* _What you need to do_
From the records that follow, copy every line that contains the word "Construcciones".

•••••

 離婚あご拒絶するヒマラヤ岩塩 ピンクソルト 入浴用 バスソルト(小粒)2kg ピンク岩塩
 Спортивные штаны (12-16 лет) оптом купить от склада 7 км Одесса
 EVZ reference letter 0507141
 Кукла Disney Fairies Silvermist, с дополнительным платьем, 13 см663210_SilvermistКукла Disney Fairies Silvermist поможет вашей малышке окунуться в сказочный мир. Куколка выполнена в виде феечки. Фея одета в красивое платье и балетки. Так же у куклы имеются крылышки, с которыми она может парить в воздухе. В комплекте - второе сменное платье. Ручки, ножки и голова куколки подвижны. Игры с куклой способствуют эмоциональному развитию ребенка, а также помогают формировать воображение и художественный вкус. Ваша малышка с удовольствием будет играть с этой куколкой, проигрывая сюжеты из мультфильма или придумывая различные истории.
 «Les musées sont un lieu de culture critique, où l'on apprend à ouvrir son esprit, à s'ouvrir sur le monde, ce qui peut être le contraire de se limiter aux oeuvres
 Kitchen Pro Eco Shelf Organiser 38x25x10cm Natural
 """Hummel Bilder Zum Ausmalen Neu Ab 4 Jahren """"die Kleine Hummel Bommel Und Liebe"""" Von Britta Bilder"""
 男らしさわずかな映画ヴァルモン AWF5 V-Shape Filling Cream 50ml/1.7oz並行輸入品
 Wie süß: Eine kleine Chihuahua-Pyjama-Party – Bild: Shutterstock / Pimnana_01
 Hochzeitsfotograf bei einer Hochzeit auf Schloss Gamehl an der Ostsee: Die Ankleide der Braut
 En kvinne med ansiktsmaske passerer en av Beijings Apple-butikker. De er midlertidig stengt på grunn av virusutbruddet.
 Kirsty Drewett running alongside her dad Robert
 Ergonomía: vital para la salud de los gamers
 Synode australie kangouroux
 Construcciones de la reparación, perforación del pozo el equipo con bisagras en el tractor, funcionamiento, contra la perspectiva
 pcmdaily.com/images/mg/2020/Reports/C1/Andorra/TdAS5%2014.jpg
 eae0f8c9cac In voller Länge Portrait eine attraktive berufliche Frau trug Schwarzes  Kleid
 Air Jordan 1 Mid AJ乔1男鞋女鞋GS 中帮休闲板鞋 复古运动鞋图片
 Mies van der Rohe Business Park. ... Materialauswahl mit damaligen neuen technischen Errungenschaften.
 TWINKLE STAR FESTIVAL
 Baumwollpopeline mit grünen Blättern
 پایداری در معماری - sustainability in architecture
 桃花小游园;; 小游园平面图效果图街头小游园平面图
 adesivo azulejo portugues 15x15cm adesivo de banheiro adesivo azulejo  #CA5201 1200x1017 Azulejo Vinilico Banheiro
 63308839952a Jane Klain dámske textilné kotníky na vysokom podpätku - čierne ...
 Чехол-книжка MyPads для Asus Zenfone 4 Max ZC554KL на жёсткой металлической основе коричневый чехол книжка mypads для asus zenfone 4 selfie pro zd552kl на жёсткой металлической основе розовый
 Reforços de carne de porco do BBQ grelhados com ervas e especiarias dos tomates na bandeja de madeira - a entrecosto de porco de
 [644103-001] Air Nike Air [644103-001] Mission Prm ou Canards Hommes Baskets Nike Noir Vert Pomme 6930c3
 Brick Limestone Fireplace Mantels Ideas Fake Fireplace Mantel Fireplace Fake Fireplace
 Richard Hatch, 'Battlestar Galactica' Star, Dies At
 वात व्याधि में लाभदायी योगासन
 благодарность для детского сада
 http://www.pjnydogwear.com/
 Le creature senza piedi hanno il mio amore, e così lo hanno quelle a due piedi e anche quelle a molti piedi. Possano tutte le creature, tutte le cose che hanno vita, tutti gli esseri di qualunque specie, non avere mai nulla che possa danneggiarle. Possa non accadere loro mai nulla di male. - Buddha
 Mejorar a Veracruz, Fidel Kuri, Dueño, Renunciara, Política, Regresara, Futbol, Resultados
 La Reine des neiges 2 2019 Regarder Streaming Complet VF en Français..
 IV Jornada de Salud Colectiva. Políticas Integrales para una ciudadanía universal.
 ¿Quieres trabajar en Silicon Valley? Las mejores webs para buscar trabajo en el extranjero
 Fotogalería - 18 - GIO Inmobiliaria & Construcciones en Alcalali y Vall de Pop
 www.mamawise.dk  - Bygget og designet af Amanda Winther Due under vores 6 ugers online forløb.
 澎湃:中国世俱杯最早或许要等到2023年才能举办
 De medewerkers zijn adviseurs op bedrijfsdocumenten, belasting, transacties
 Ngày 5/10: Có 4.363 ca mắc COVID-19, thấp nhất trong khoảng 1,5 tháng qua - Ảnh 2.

•••••

* _Output below_
 Construcciones de la reparación, perforación del pozo el equipo con bisagras en el tractor, funcionamiento, contra la perspectiva
 Fotogalería - 18 - GIO Inmobiliaria & Construcciones en Alcalali y Vall de Pop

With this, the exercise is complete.